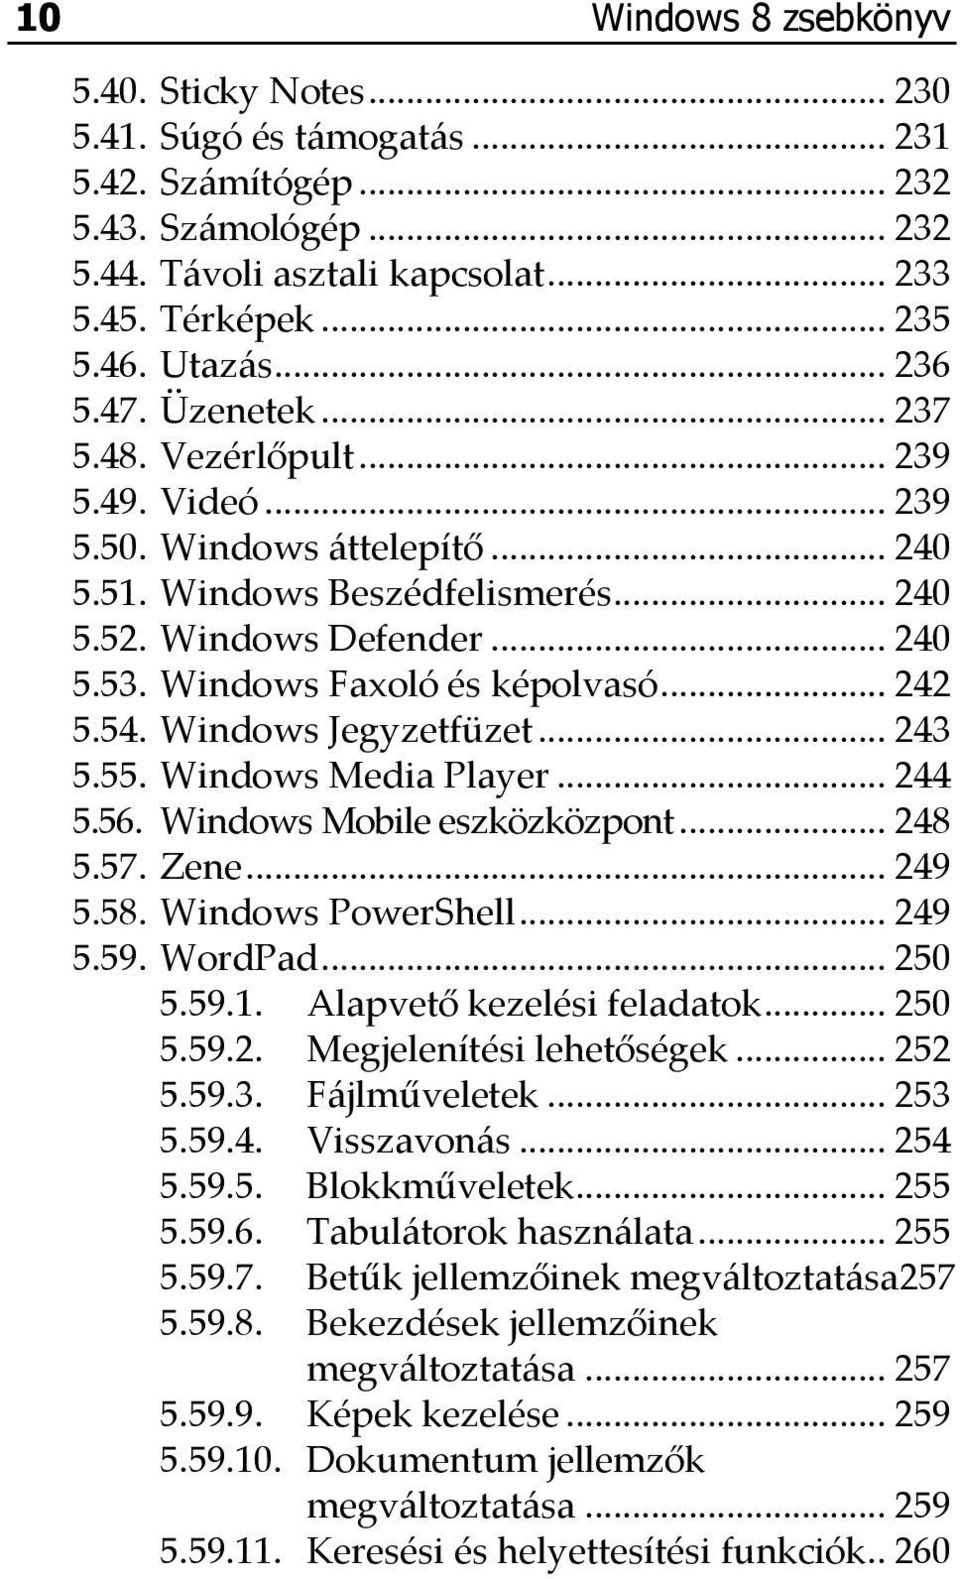 Windows Faxoló és képolvasó... 242 5.54. Windows Jegyzetfüzet... 243 5.55. Windows Media Player... 244 5.56. Windows Mobile eszközközpont... 248 5.57. Zene... 249 5.58. Windows PowerShell... 249 5.59.
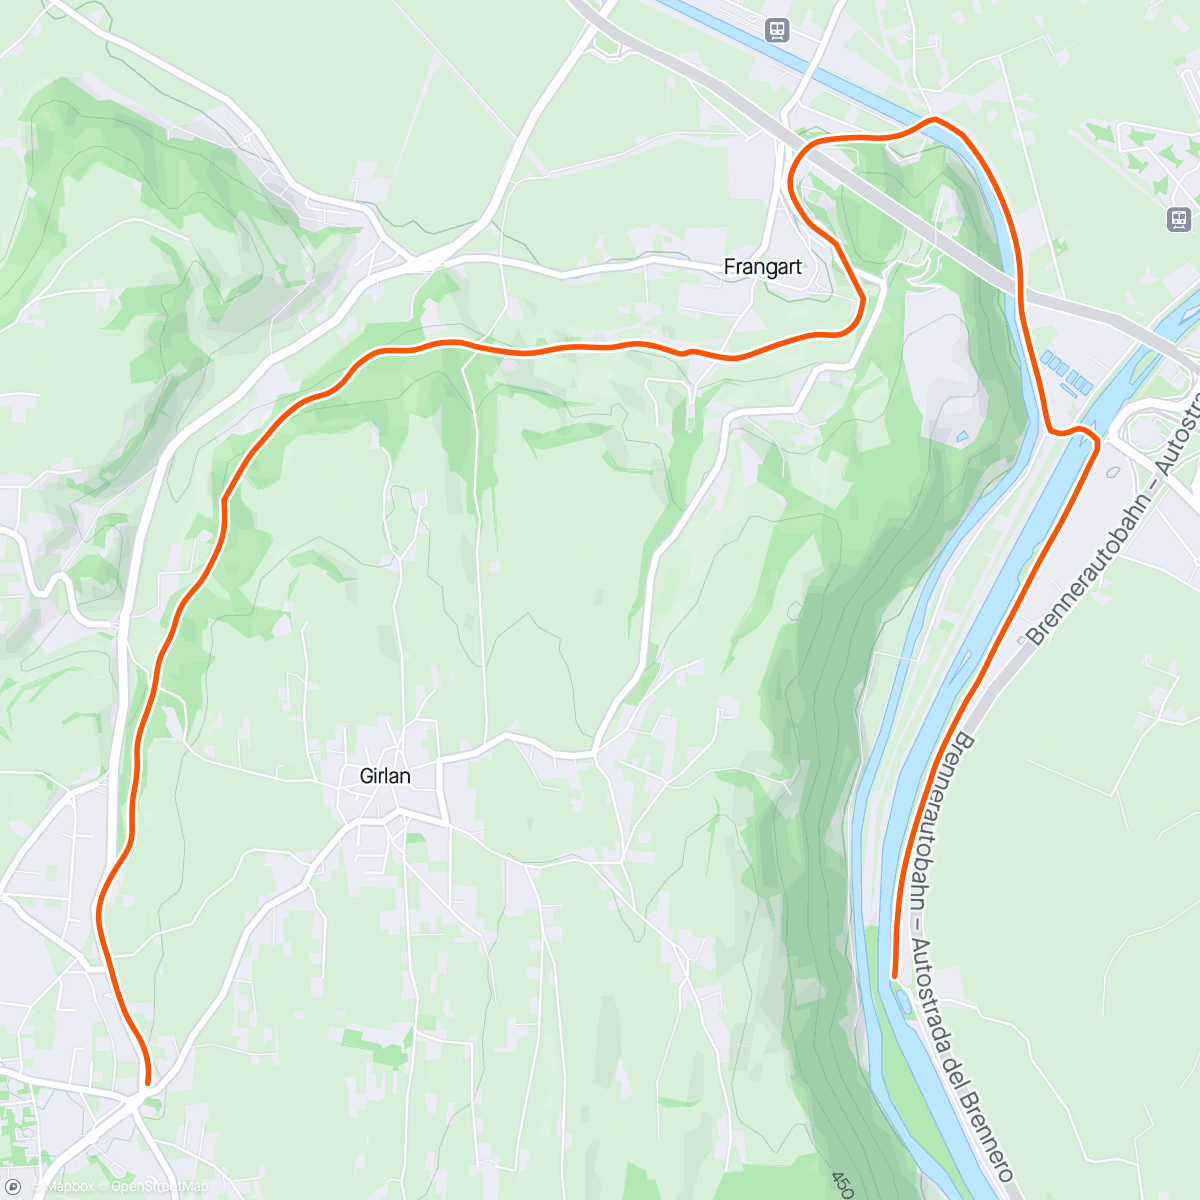 アクティビティ「Kinomap - 30 minutes Fat Burning 🚴‍♀️😎🙌 Indoor Cycling Workout South Tyrol Italy Gopro Max 4K」の地図
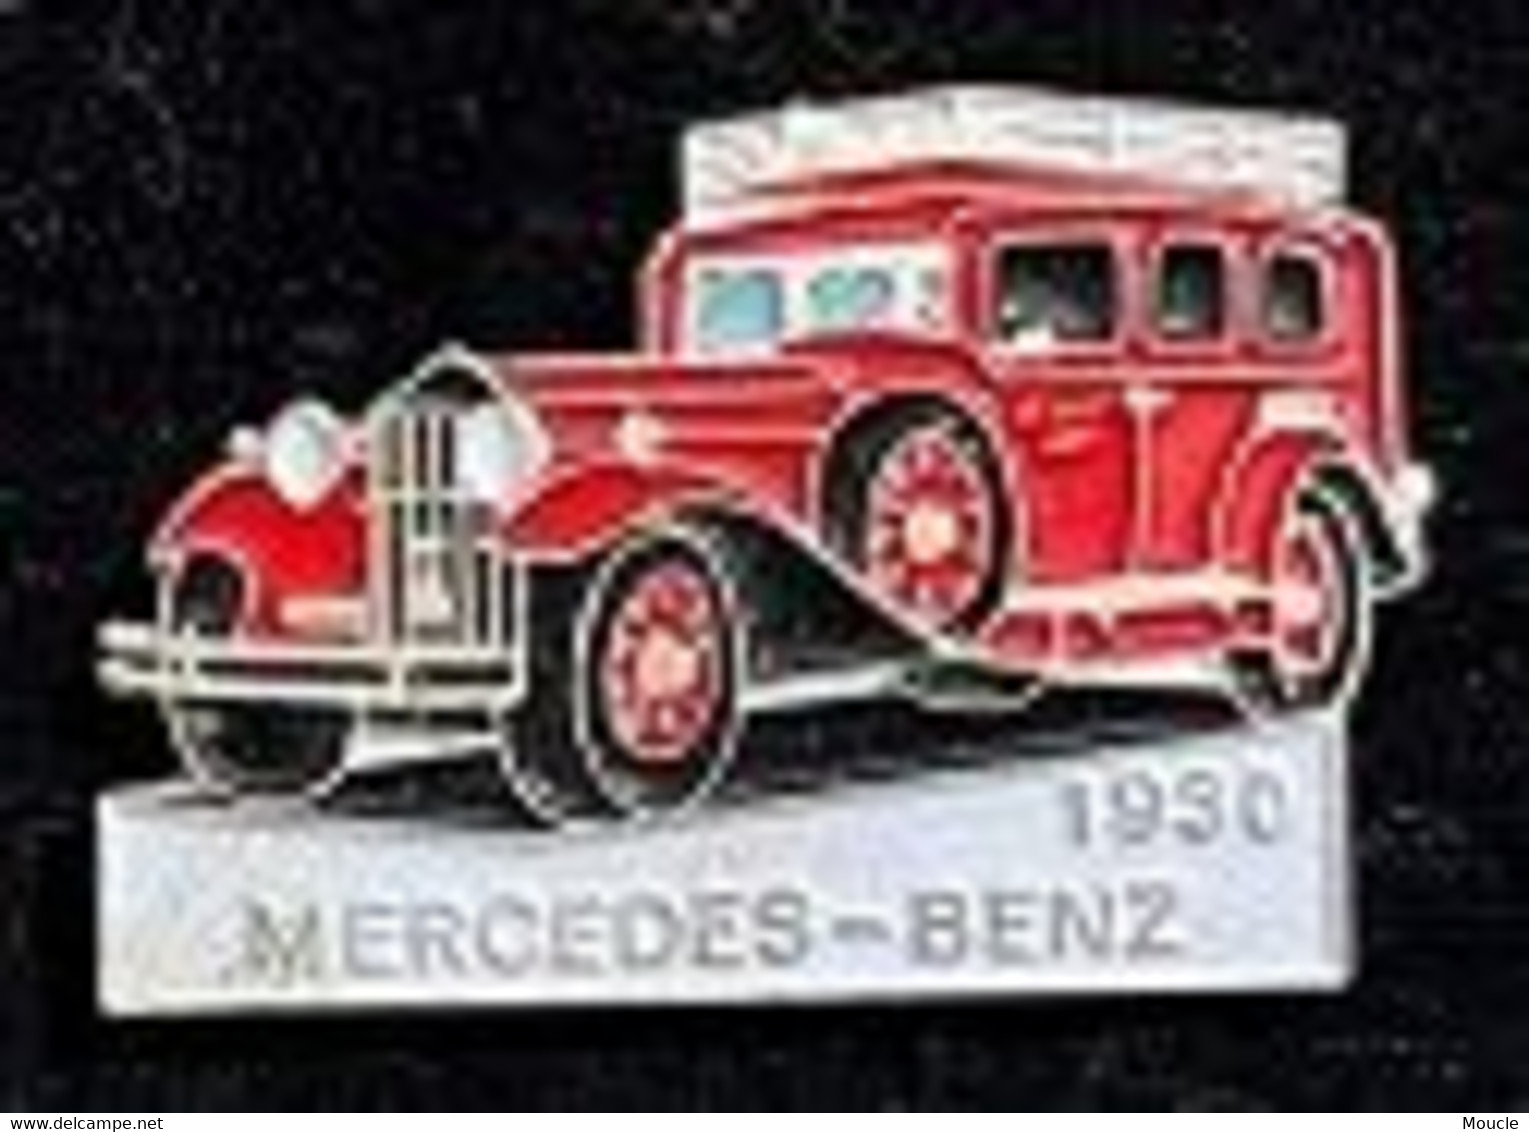 MERCEDES BENZ 1930 - ROUGE N°146 - SAPEURS POMPIERS - FEUEWEHRAUTO - VOITURE POMPIERS -CAR - AUTOMOBILE -     (30) - Bomberos

────────

• _REQUIRED ACTION_: Leave out all pictures, then copy the remaining material exactly.

• _EXERCISE OUTPUT_:
 Windows Faxoló és képolvasó... 242 5.54. Windows Jegyzetfüzet... 243 5.55. Windows Media Player... 244 5.56. Windows Mobile eszközközpont... 248 5.57. Zene... 249 5.58. Windows PowerShell... 249 5.59.
 アクティビティ「Kinomap - 30 minutes Fat Burning 🚴‍♀️😎🙌 Indoor Cycling Workout South Tyrol Italy Gopro Max 4K」の地図
 MERCEDES BENZ 1930 - ROUGE N°146 - SAPEURS POMPIERS - FEUEWEHRAUTO - VOITURE POMPIERS -CAR - AUTOMOBILE -     (30) - Bomberos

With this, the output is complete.